Il y a 15 ans, le 13 juin 2000, Pierre Guidoni nous quittait

guidonicouleurIl y a 15 ans, le 13 juin 2000, Pierre Guidoni nous quittait. Né en 1941, diplômé de sciences politiques, militant socialiste depuis 1962, animateur du CERES, député de l’Aude, secrétaire national aux affaires internationales du PS…, il était président de l’Office depuis 1997.

Nous lui avons rendu hommage dans un supplément spécial à notre mensuel L’OURS, téléchargeable ici.

Dans une brochure d’hommage éditée par le Parti socialiste était reproduit un texte de Pierre dans lequel il revenait sur le sens de son engagement socialiste. Nous le republions ci-dessous.

« Mais vous même, de quel lieu parlez-vous ? » Je suis socialiste. Je l’ai toujours été. Je n’ai jamais été que cela. J’ai adhéré à la SFIO en 1962, en un temps où ce n’était pas à la mode. J’aurais pu adhérer plus tôt : mais je m’étais beaucoup battu, comme tant d’autres, pour la paix et l’indépendance de l’Algérie et je ne voulais pas adhérer au parti de Robert Lacoste tant que la guerre durait. Lorsqu’elle fut finie, je n’hésitai pas. Je pensais qu’on ne fait sérieusement de la politique que dans les grands partis et qu’à gauche il n’y avait que deux traditions, celle de Lénine et celle de Jaurès. La plupart de ceux qui m’entouraient avait choisi Lénine et en tiraient, dans des sectes variées, des conséquences diverses. Ils jugeaient extravagant que l’on puisse être socialiste -on disait : “ Social démocrate ” – et s’en gaussaient sans retenue. Dix ans plus tard, ils m’invitaient à goûter les charmes du pluralisme et de la liberté d’expression, qui venaient de leur apparaître. Quinze ans plus tard, ils me conviaient à “ découvrir ” le goulag à travers Soljenistsyne. Vingt ans plus tard, à l’intérieur du PS, ils me donnaient des leçons d’orthodoxie mitterrandiste. Trente ans plus tard, ou presque, ils me reprochaient d’être trop patriote et ne comprenaient pas pourquoi j’étais si attaché à la République. Comment répondre ? L’essentiel, pour moi, c’étaient ces quelques phrases de Jaurès, lues très jeune, et jamais oubliées :

“  Le Socialisme suppose la France : il suppose la République.
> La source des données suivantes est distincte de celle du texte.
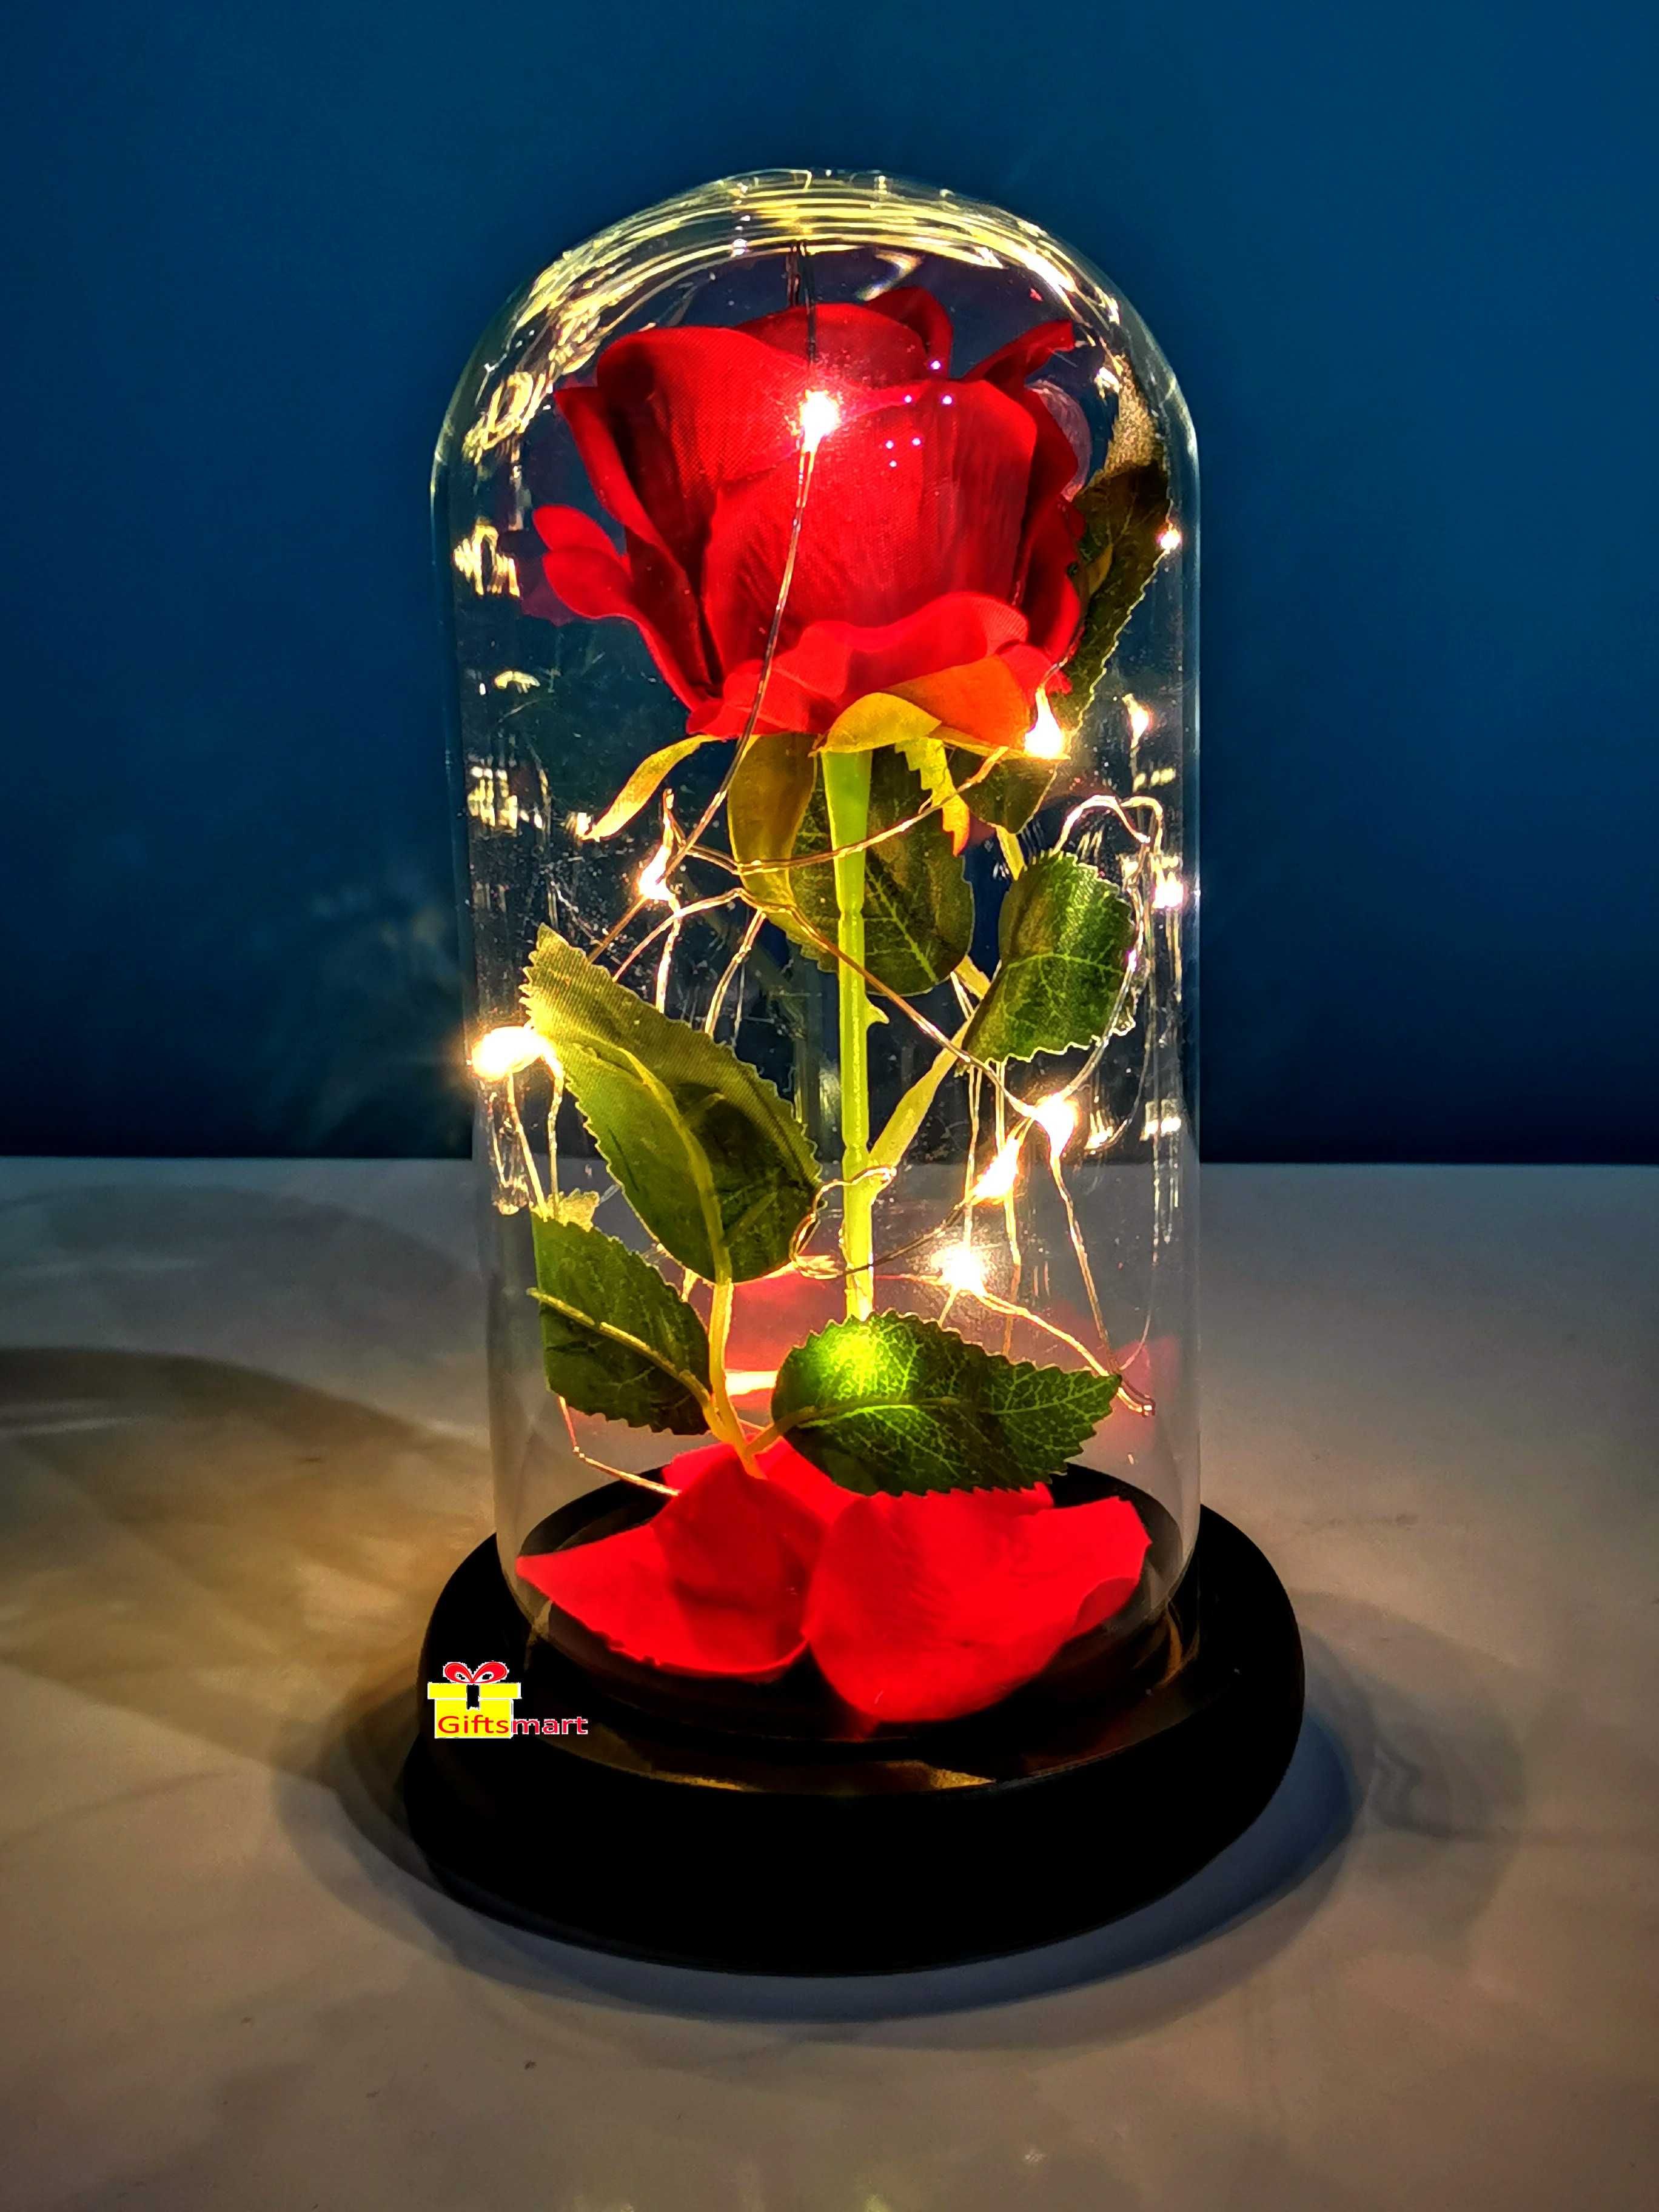 Вечна , неувяхваща роза в стъкленица (светеща) - подарък за жена
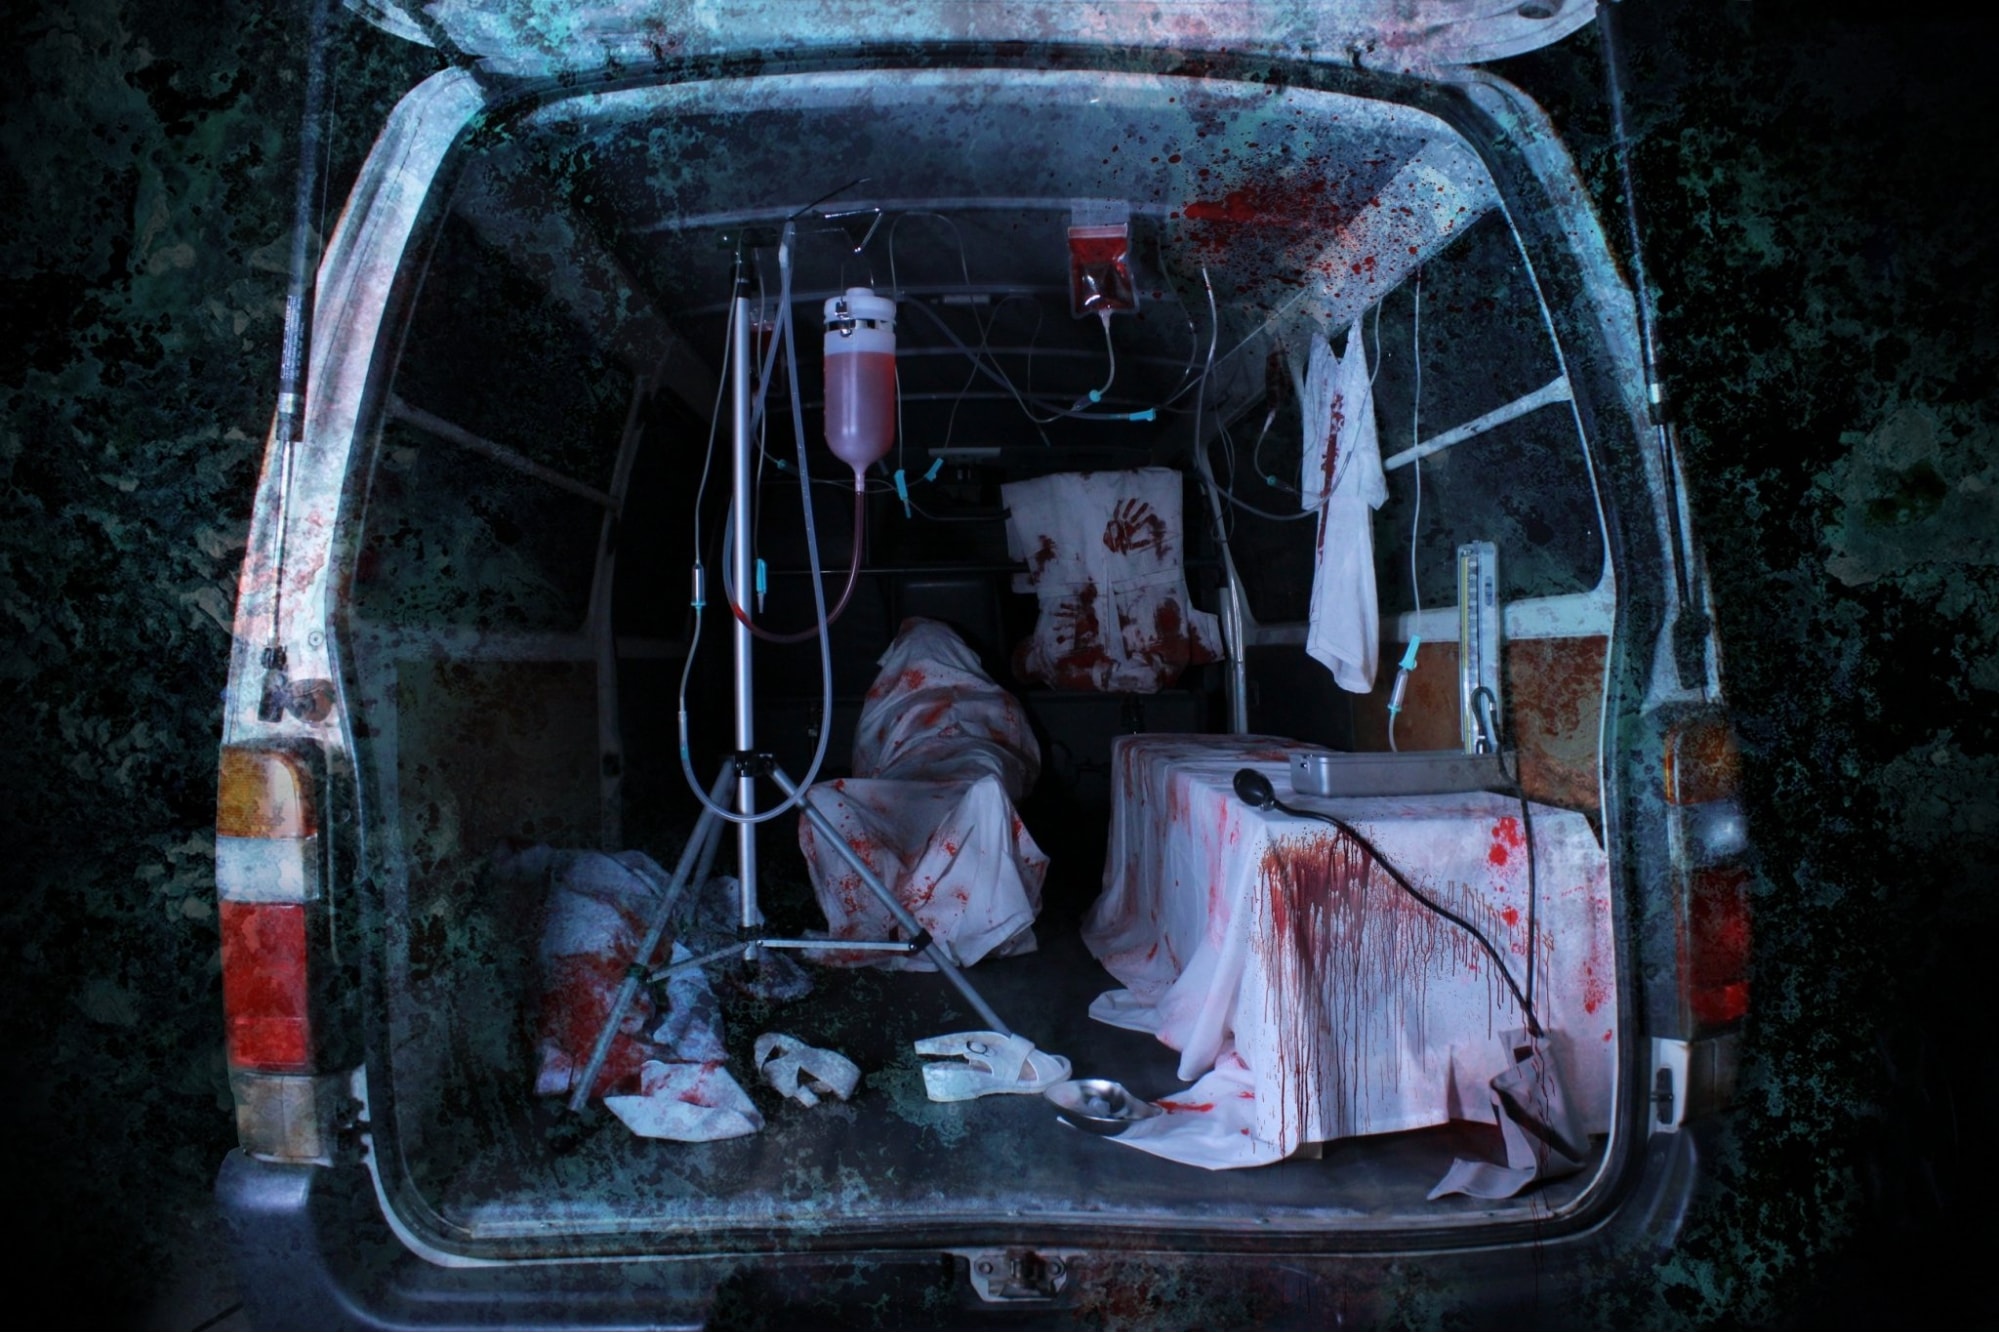 screambulance - inside the ambulance

Et, de même que Blanqui disait à l’heure de l’invasion, avec un admirable cri de détresse, “ que deviendrions-nous si nous n’avions pas de patrie ? ”, nous nous redisons sans cesse “ que deviendrait donc le socialisme s’il n’y avait plus de France ? ” Le parti socialisme ne sera jamais tenté de commettre l’erreur funeste de ceux qui séparent la question sociale de la question politique. Il n’y a de justice sociale que par la liberté républicaine. Défendre la patrie et la République est pour nous le premier article de la Charte socialiste. Ni l’Angleterre, ni l’Allemagne n’ont, dans leur passé, une République démocratique comme celle qui fut proclamée en France en 1792. Au contraire, en France, le seul mot de République, tout plein de rêves grandioses des premières générations républicaines, contient à lui seul toutes les promesses d’égalité fraternelle. Il se peut qu’un jour prochain le vrai parti des républicains, celui qui ne se borne point à accepter la République comme un fait accompli et inévitable, mais comme la force nécessaire du droit, soit amené à se déclarer tout entier parti socialiste républicain. Il se peut que la République française s’appelle bientôt dans le monde une République socialiste. Pour ma part, je le désire et je le crois, car la Révolution française contient le socialisme tout entier. ”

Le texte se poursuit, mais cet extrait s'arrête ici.